Agreement and Plan of Merger
On August 10, 2020, Barings BDC, Inc., a Maryland corporation (“BBDC”), entered into an Agreement and Plan of Merger (the “Merger Agreement”) among MVC Capital, Inc., a Delaware corporation (“MVC”), Mustang Acquisition Sub, Inc., a Delaware corporation and wholly owned subsidiary of BBDC (“Acquisition Sub”), and Barings LLC, a Delaware limited liability company and investment adviser to BBDC (“Barings”). The Merger Agreement provides that, on the terms and subject to the conditions set forth in the Merger Agreement, Acquisition Sub will merge with and into MVC, with MVC continuing as the surviving company and as a wholly-owned subsidiary of BBDC (the “First Step”) and, immediately thereafter, MVC will merge with and into BBDC, with BBDC continuing as the surviving company (the “Second Step” and, together with the First Step, the “Merger”). The boards of directors of both BBDC and MVC, including all of the respective independent directors, have approved the Merger Agreement and the transactions contemplated therein. The parties to the Merger Agreement intend the Merger to be treated as a “reorganization” within the meaning of Section 368(a)(1)(A) of the Internal Revenue Code of 1986, as amended.
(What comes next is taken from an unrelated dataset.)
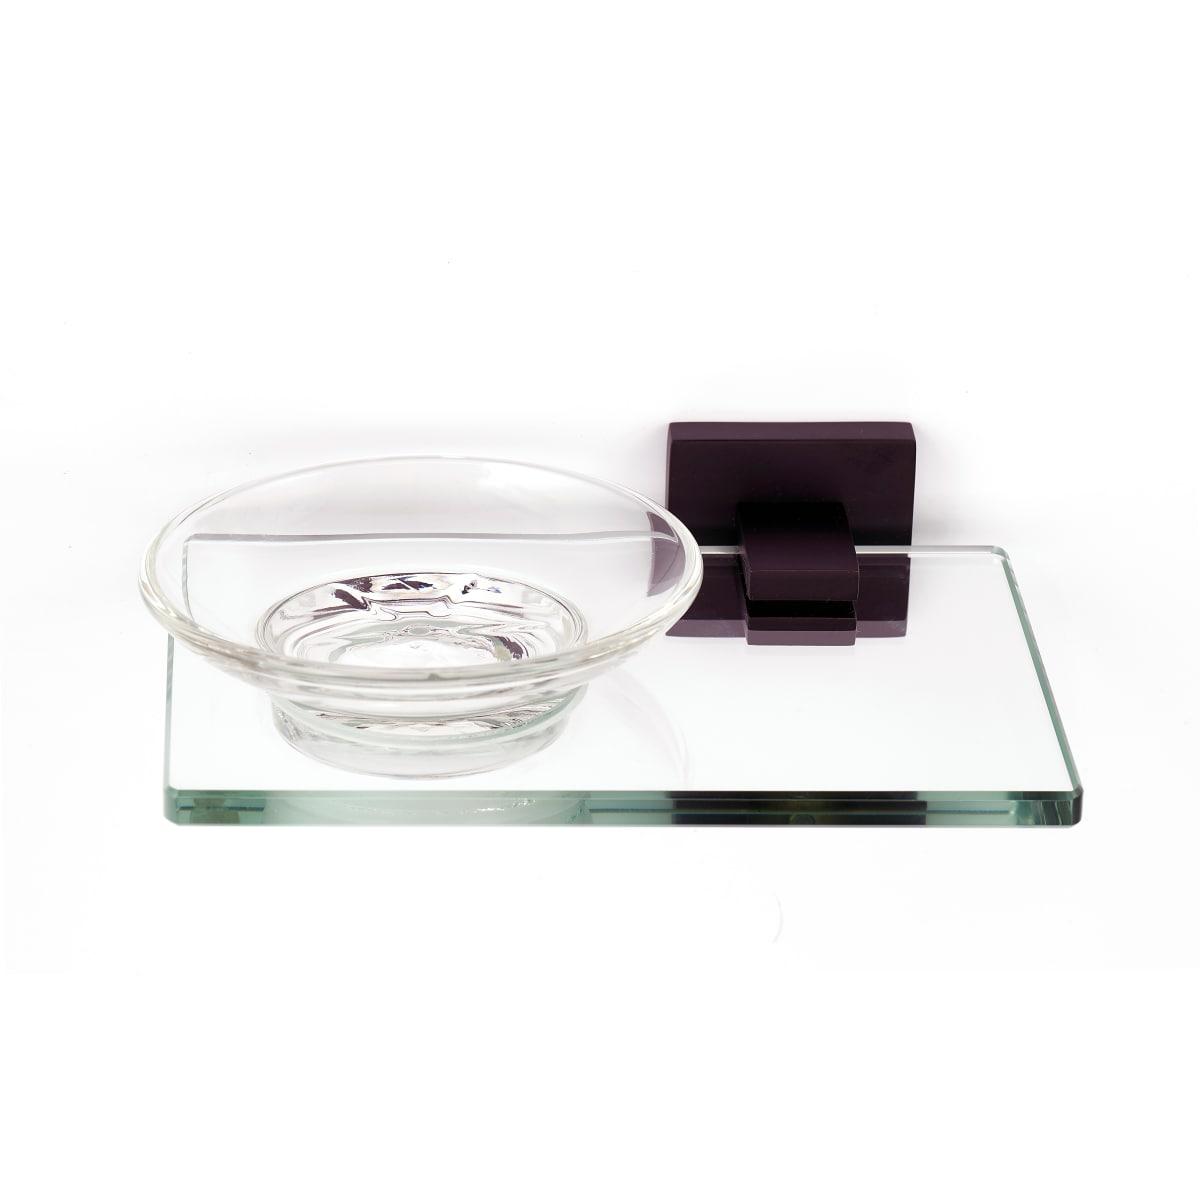 Alno Contemporary II Soap Dish
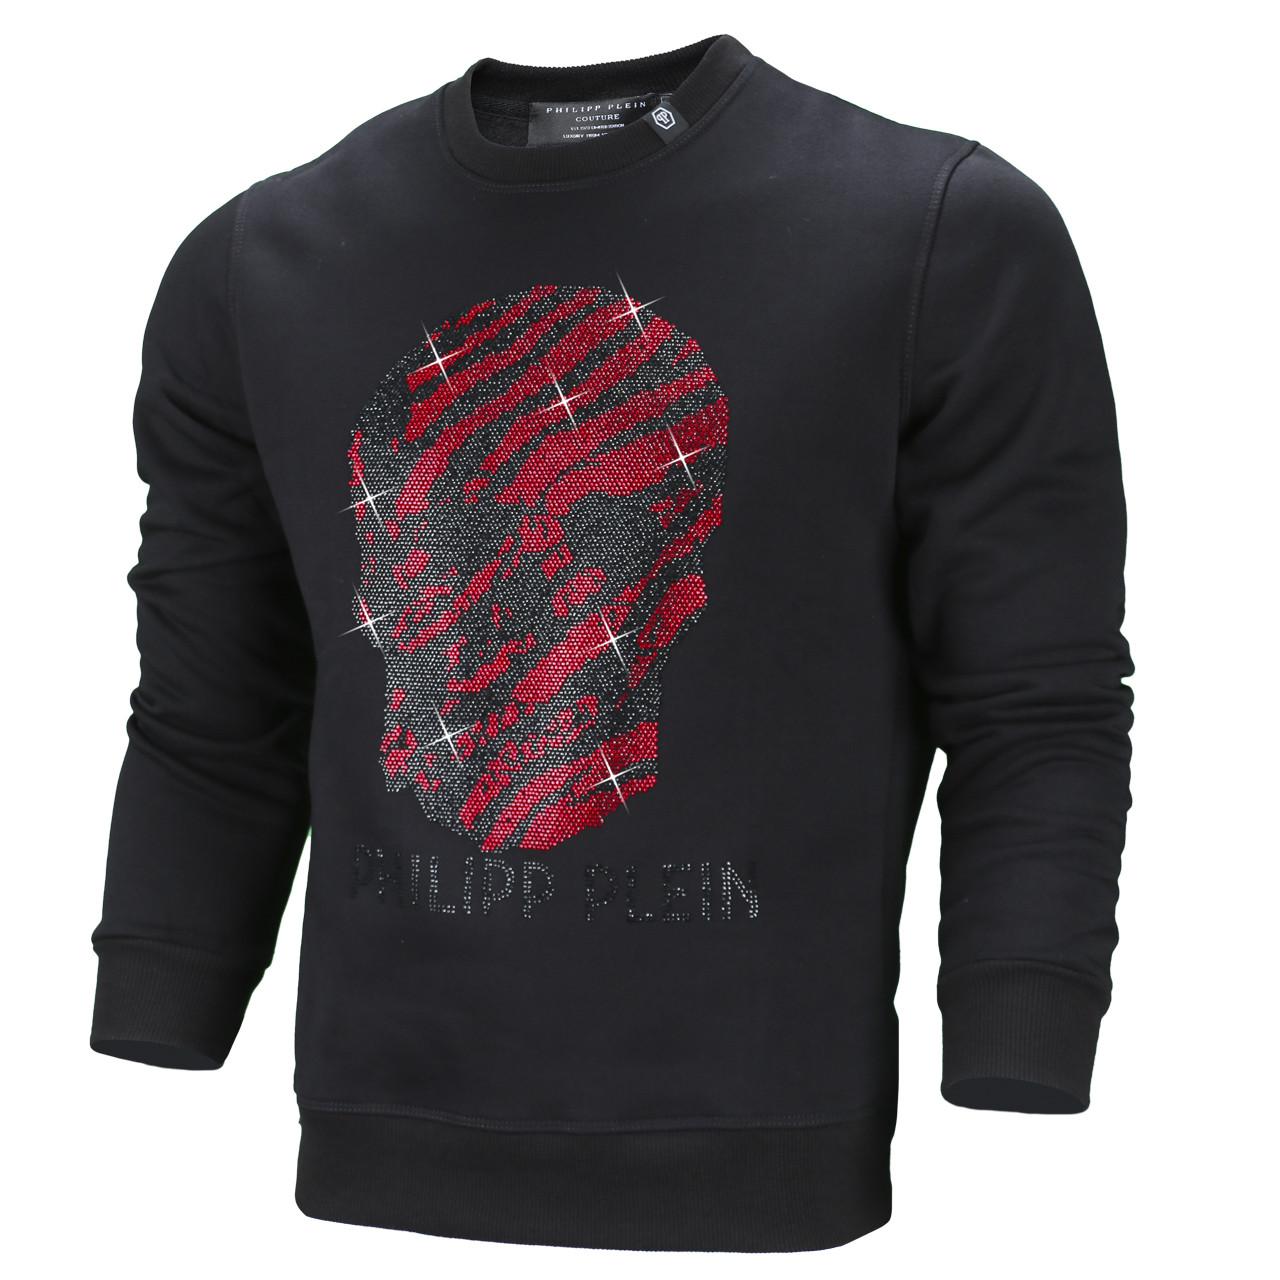 Свитшот осень-зима мужской черный с красн PHILIPP PLEIN со стразами #57 BLK/RED M(Р) 21-505-003

In the First Step, each share of MVC common stock issued and outstanding immediately prior to the effective time of the First Step (excluding any shares cancelled pursuant to the Merger Agreement) will be converted into the right to receive (i) $0.39492 per share in cash, without interest, from Barings (such amount of cash, the “Cash Consideration”) and (ii) 0.94024 (such ratio, as may be adjusted pursuant to the Merger Agreement, the “Exchange Ratio”) of a validly issued, fully paid and non-assessable share of BBDC common stock, par value $0.001 per share (the “Share Consideration” and together with the Cash Consideration, the “Merger Consideration”). Pursuant to the Merger Agreement, total value of the consideration to be received by MVC stockholders at closing is subject to adjustment as set forth in the Merger Agreement and may be different than the estimated total consideration described herein depending on a number of factors, including the number of outstanding shares of BBDC and MVC common stock, the payment of tax dividends by MVC, undistributed investment company taxable income and undistributed net capital gains of MVC and changes of the Euro-to-U.S. dollar exchange rate relating to certain of MVC’s investments between April 30, 2020 and the closing date.
The Merger Agreement contains representations, warranties and covenants, including, among others, covenants relating to the operation of each of BBDC’s and MVC’s businesses during the period prior to the closing of the Merger. BBDC and MVC have agreed to convene and hold stockholder meetings for the purpose of obtaining the approvals required of BBDC’s and MVC’s stockholders, respectively, and the boards of directors of BBDC and MVC have agreed to recommend that their respective stockholders approve the applicable proposals (as described below).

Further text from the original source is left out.